The listing below should be printed again word for word, without any images.

:: Input data ::
^^^^^^^^
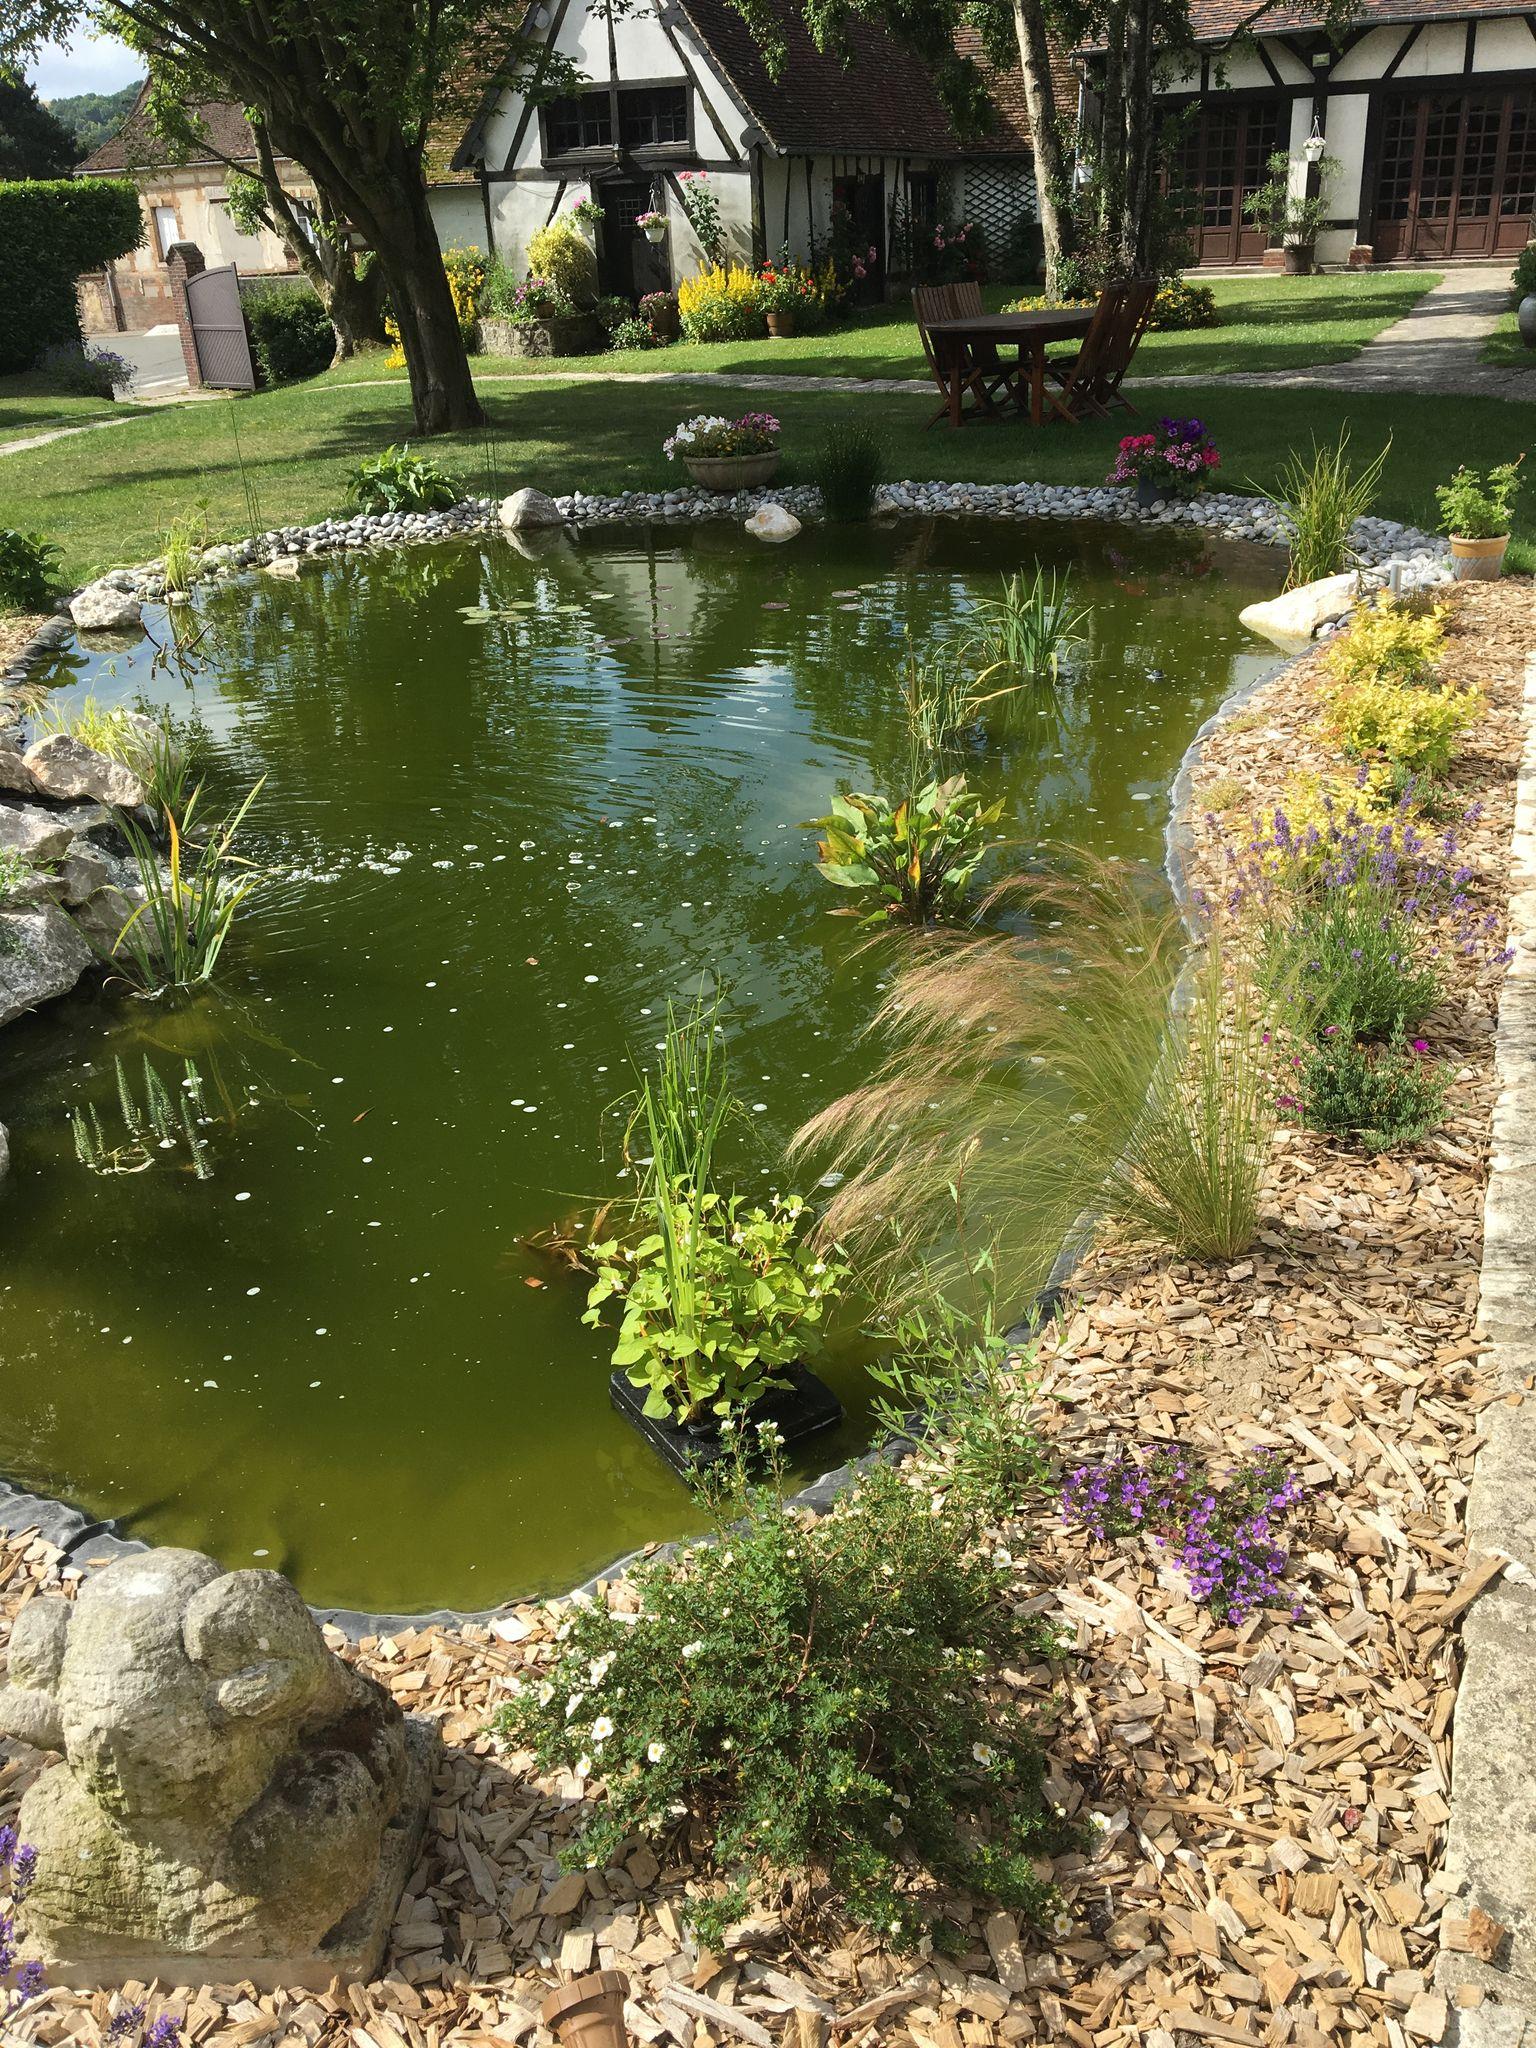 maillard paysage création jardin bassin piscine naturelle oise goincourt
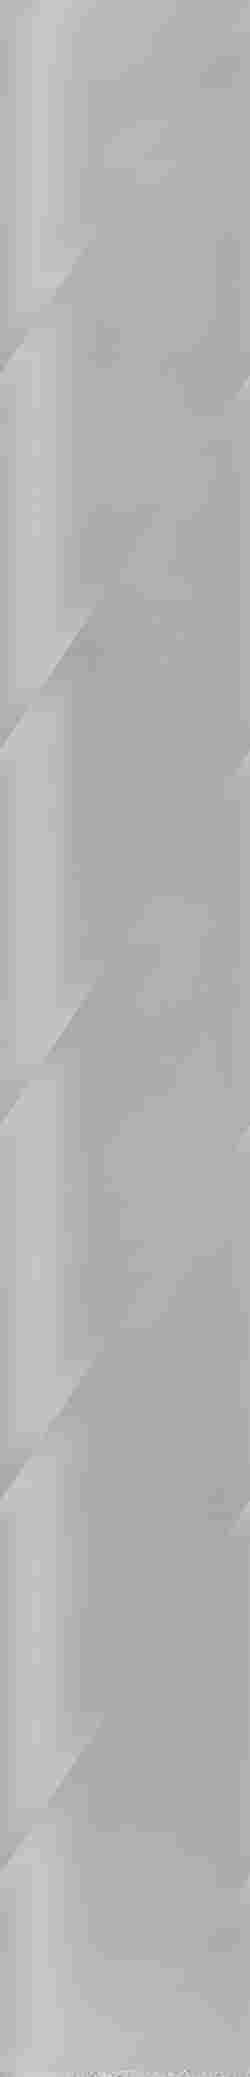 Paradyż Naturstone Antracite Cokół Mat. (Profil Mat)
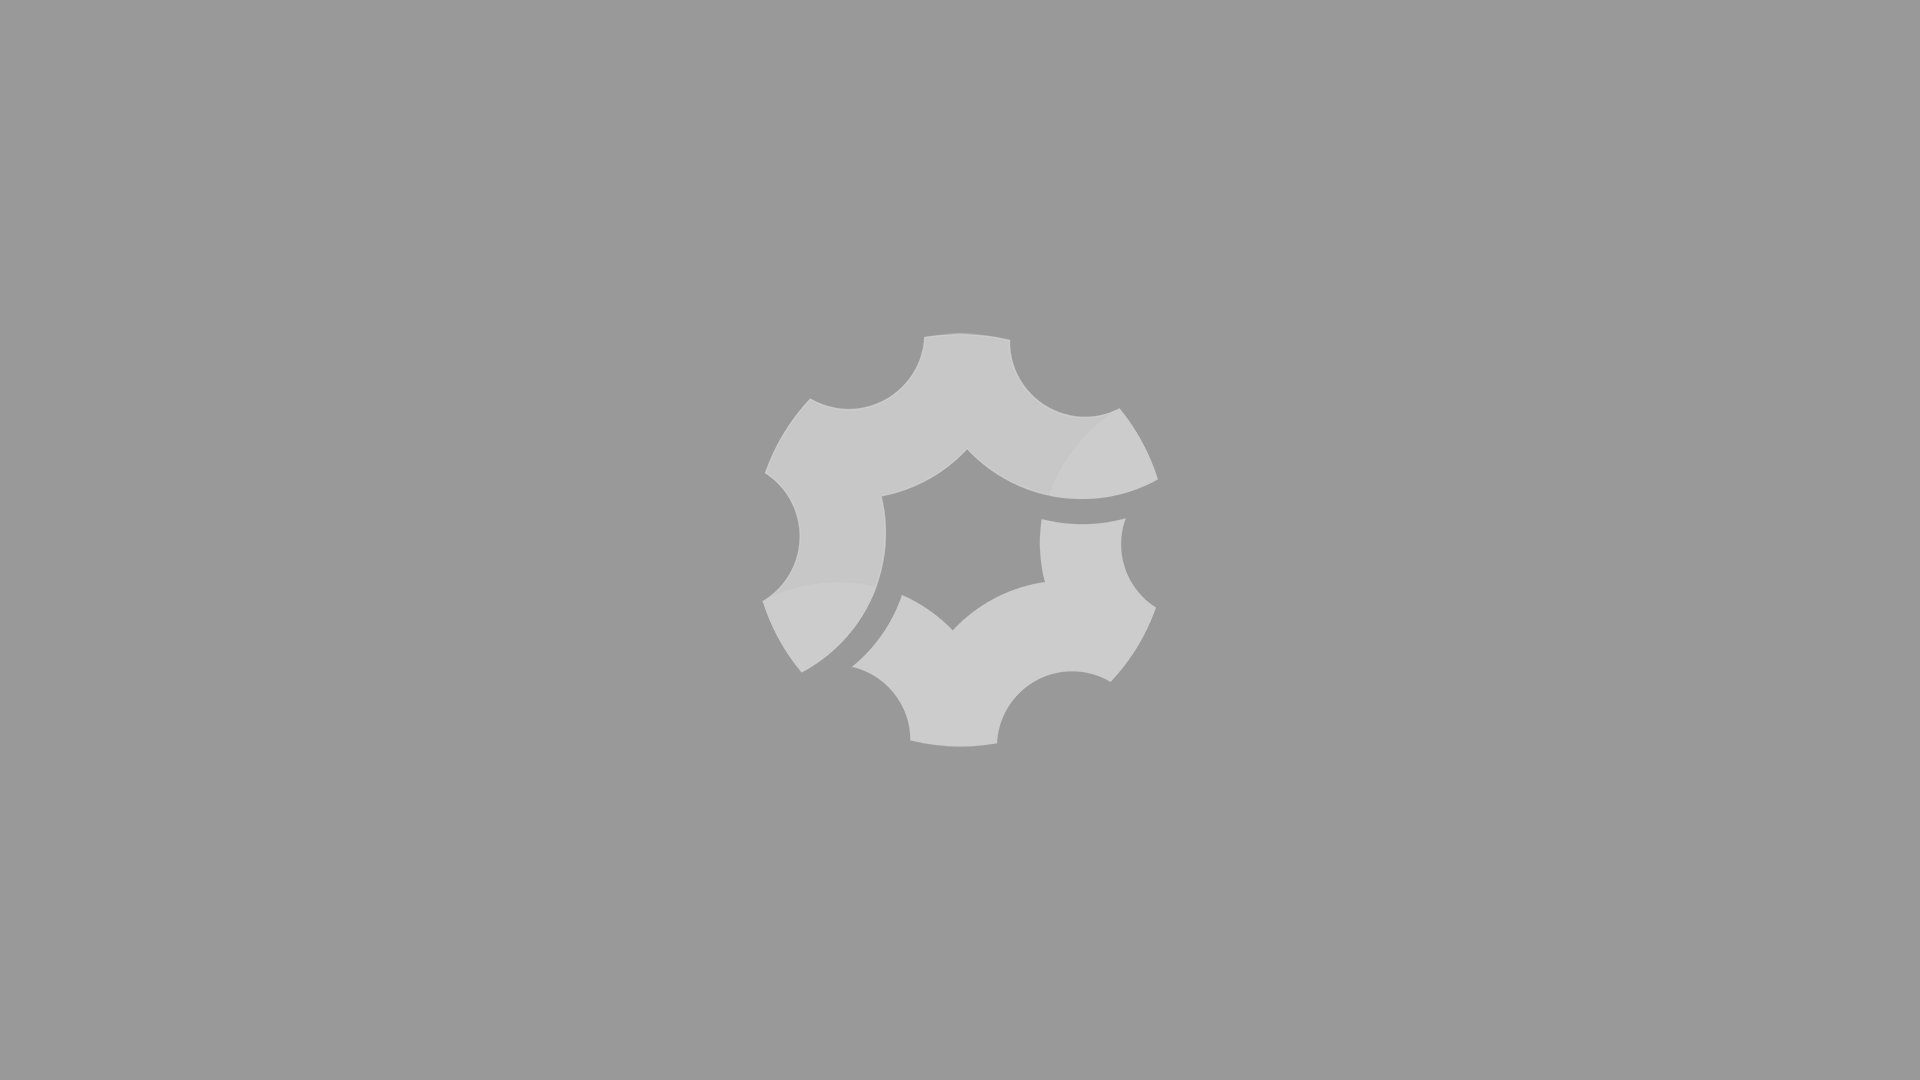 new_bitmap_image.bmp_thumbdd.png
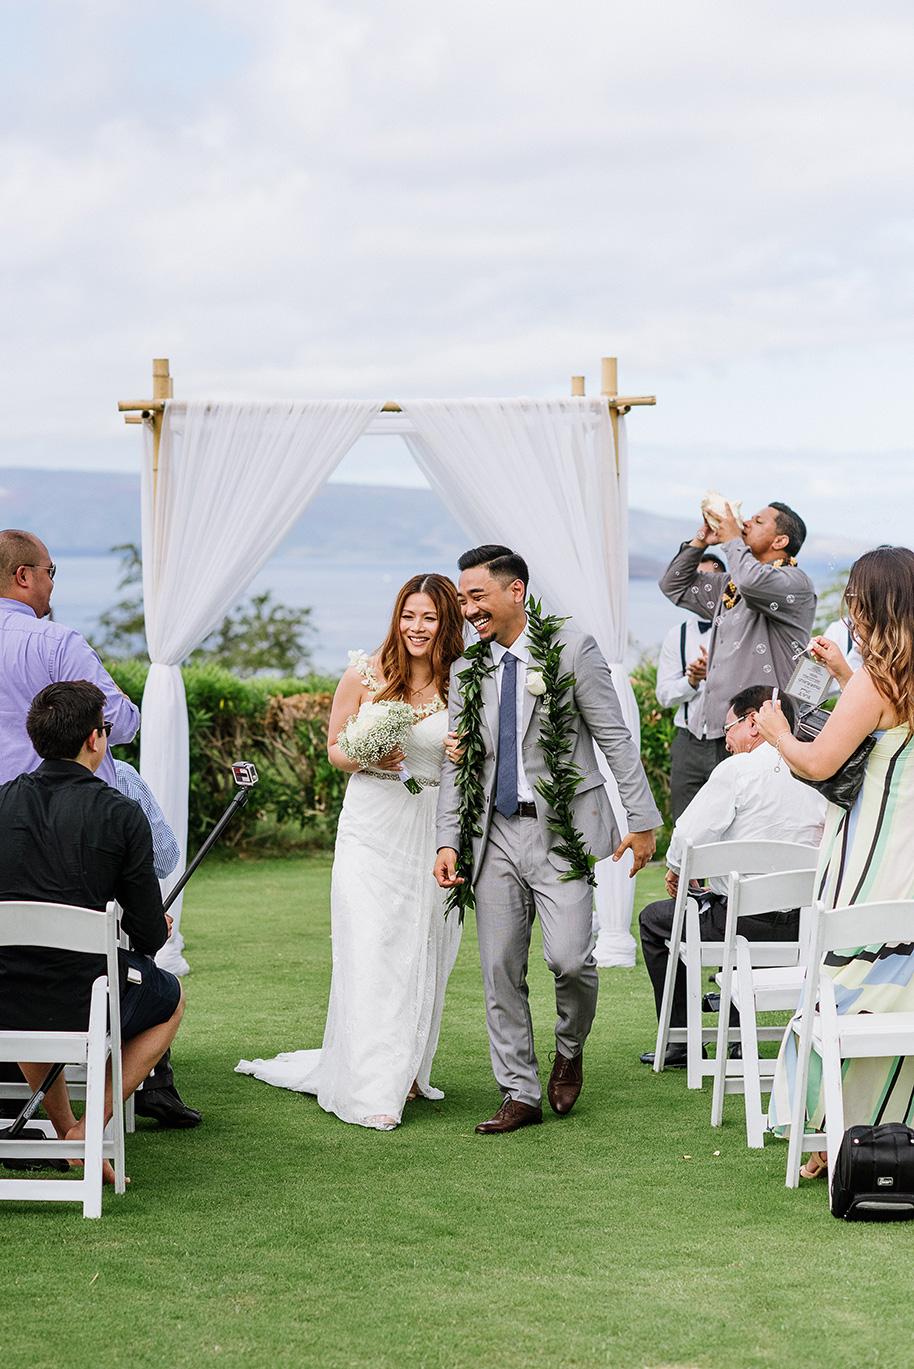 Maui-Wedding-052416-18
^^^^^^^^
:: Solved problem ::
 maillard paysage création jardin bassin piscine naturelle oise goincourt
 Paradyż Naturstone Antracite Cokół Mat. (Profil Mat)
 new_bitmap_image.bmp_thumbdd.png
 Maui-Wedding-052416-18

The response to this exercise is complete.